As it turns out, my husband and I have very different memories of our lives together. We differ on such fundamentals as How We Met. Each suspects the other’s memory is at fault, but we want to stay married, so it’s best not to overthink this. I’d read that married couples should never be seated together at formal dinners because they contradict each other’s stories, and now I understand.

In some cases, corroboration may be able to help. I have a friend whose elderly mother is re-imagining her entire life in surprising ways. My friend is able to reassure herself that her own memories are intact by comparing them to those of her siblings and her mother’s friends. When most of the participants remember something the same way, it is probably true.

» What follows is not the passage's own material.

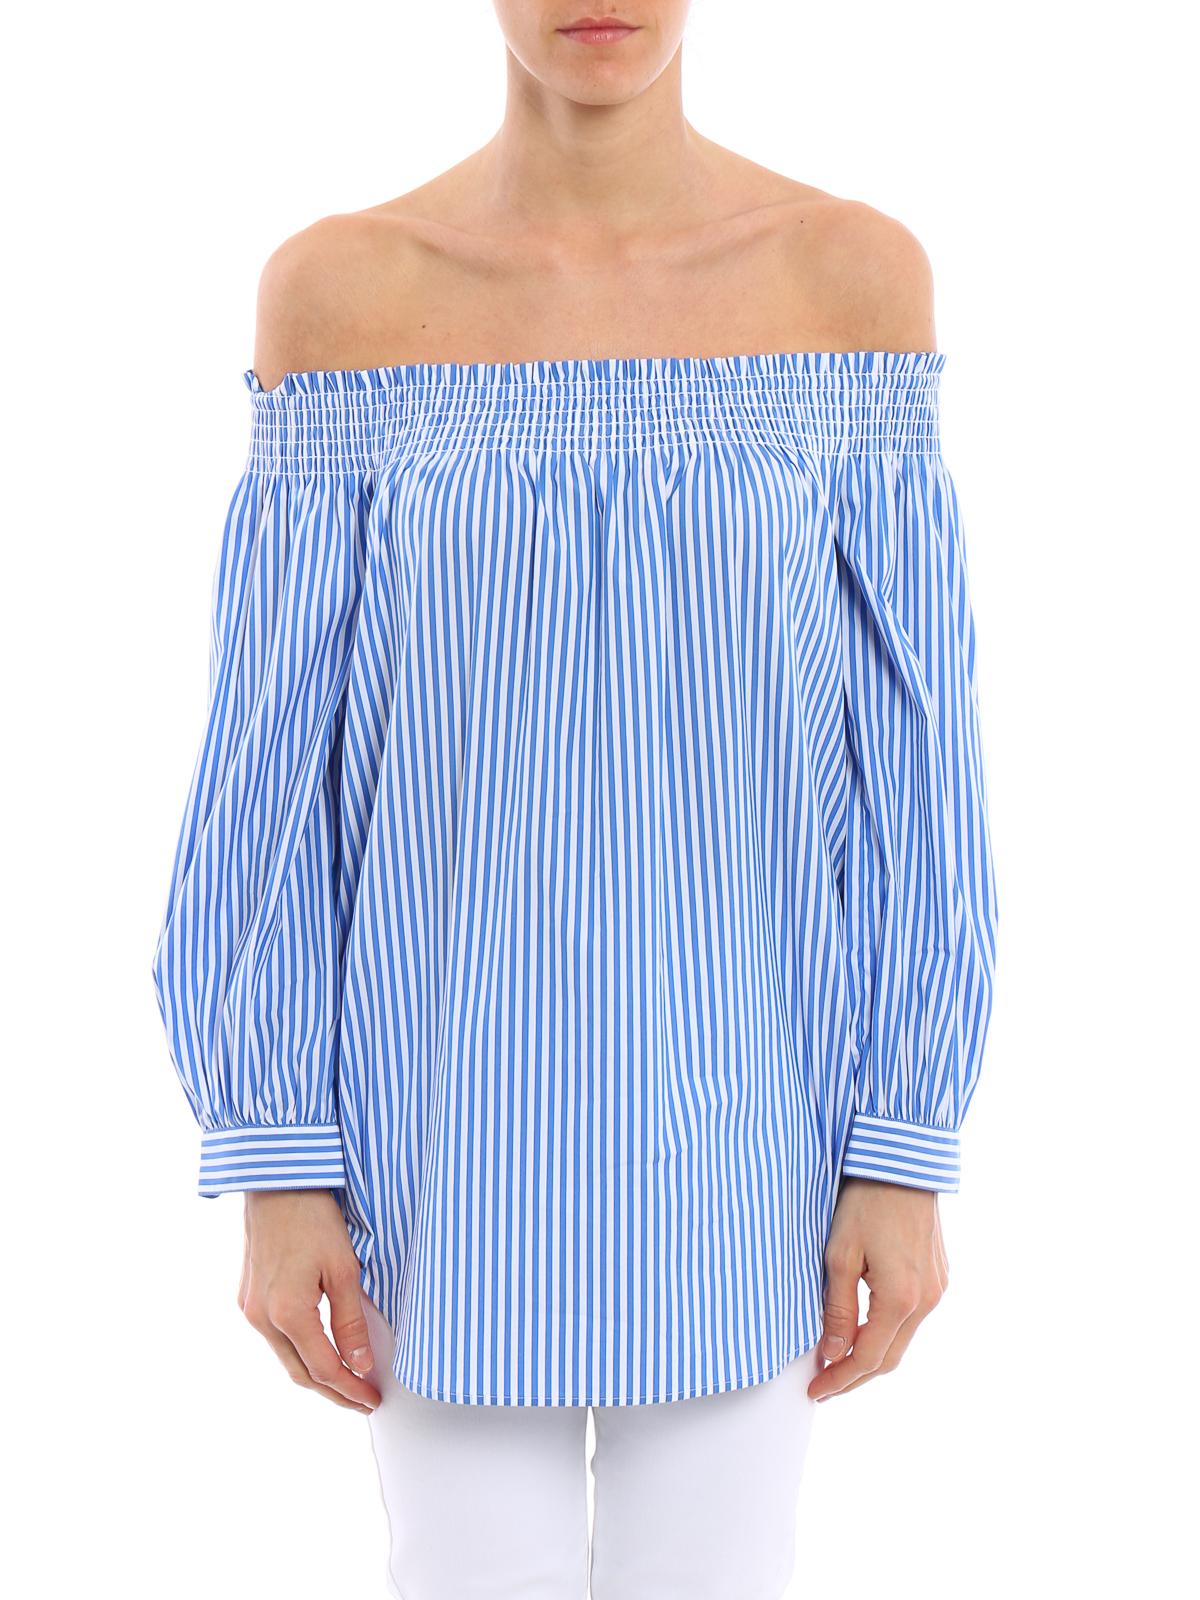 08c2ff3d191a16 POLO RALPH LAUREN  blouses online - Striped off the shoulder blouse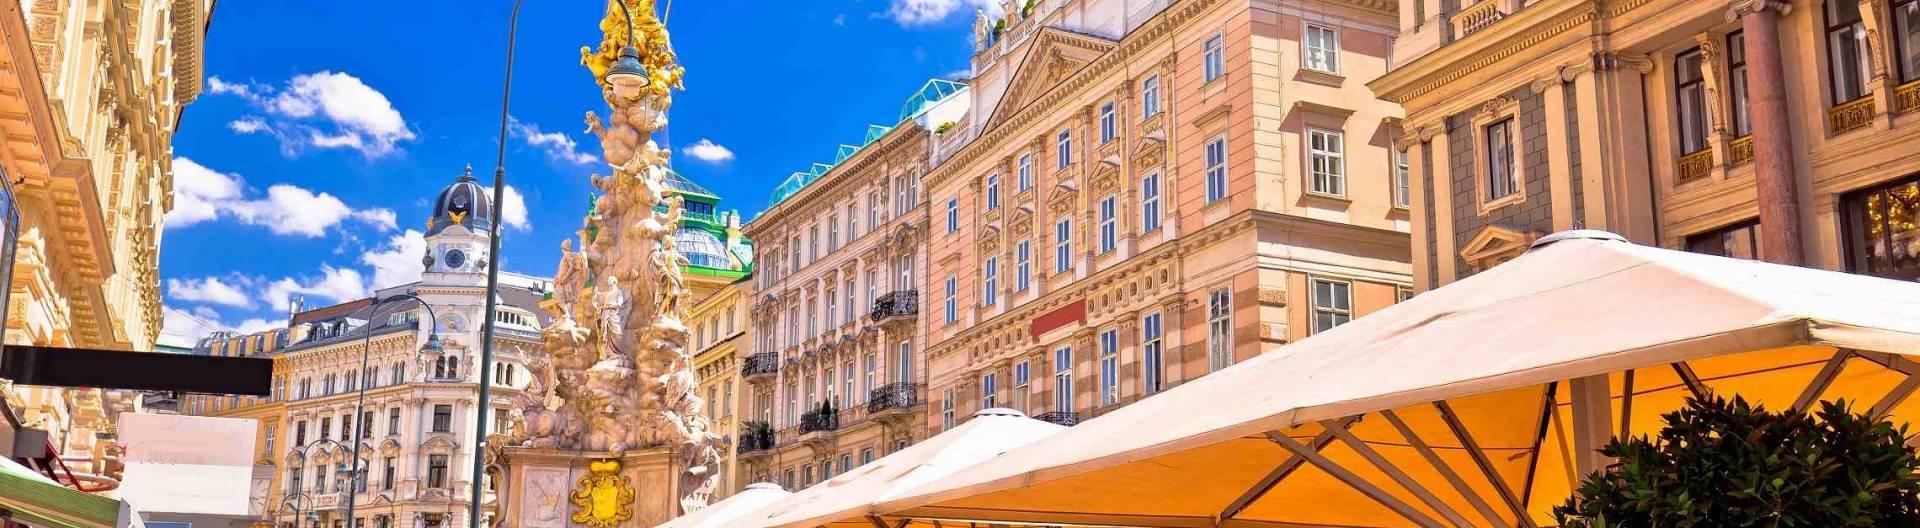 Historiallinen-aukio-Wienissä-Itävalta-1920x528.jpg

Or is it? In a 2015 survey of registered Republicans*, over one-third remembered Muslims cheering in the streets of America on 9-11. Our willingness and ability to alter our memories is now manipulated on a global scale by everyone from advertisers to partisans. It would be easy to conclude that if so many people believe something, there must be some truth to it, but that would not be correct.

I credit technology for widening the scope of mass-memory-revising effects.

Back to individual memory alteration. I remember, or think I remember, these cases:

  • A woman who remembers her father reading a particular children’s book to her, including the voices he used for each character, later learns it was published after his death.
  • A woman visits her grandmother’s grave and learns she was born after the grandmother died, yet she remembers many details of their close relationship when she was a young child.
  • As part of a memory study, a college student records her reaction to the Challenger disaster during her freshman year, when it occurred, and again during her senior year. The accounts differ widely. She says, I know that is my handwriting, but I could not possibly have written it.

Why do we alter our memories? Perhaps because we can believe ourselves to be better people, living in a happier world. This is probably genetic. Living in a world that makes sense to us surely makes us more resilient, even if it isn’t real. Let’s not overthink it.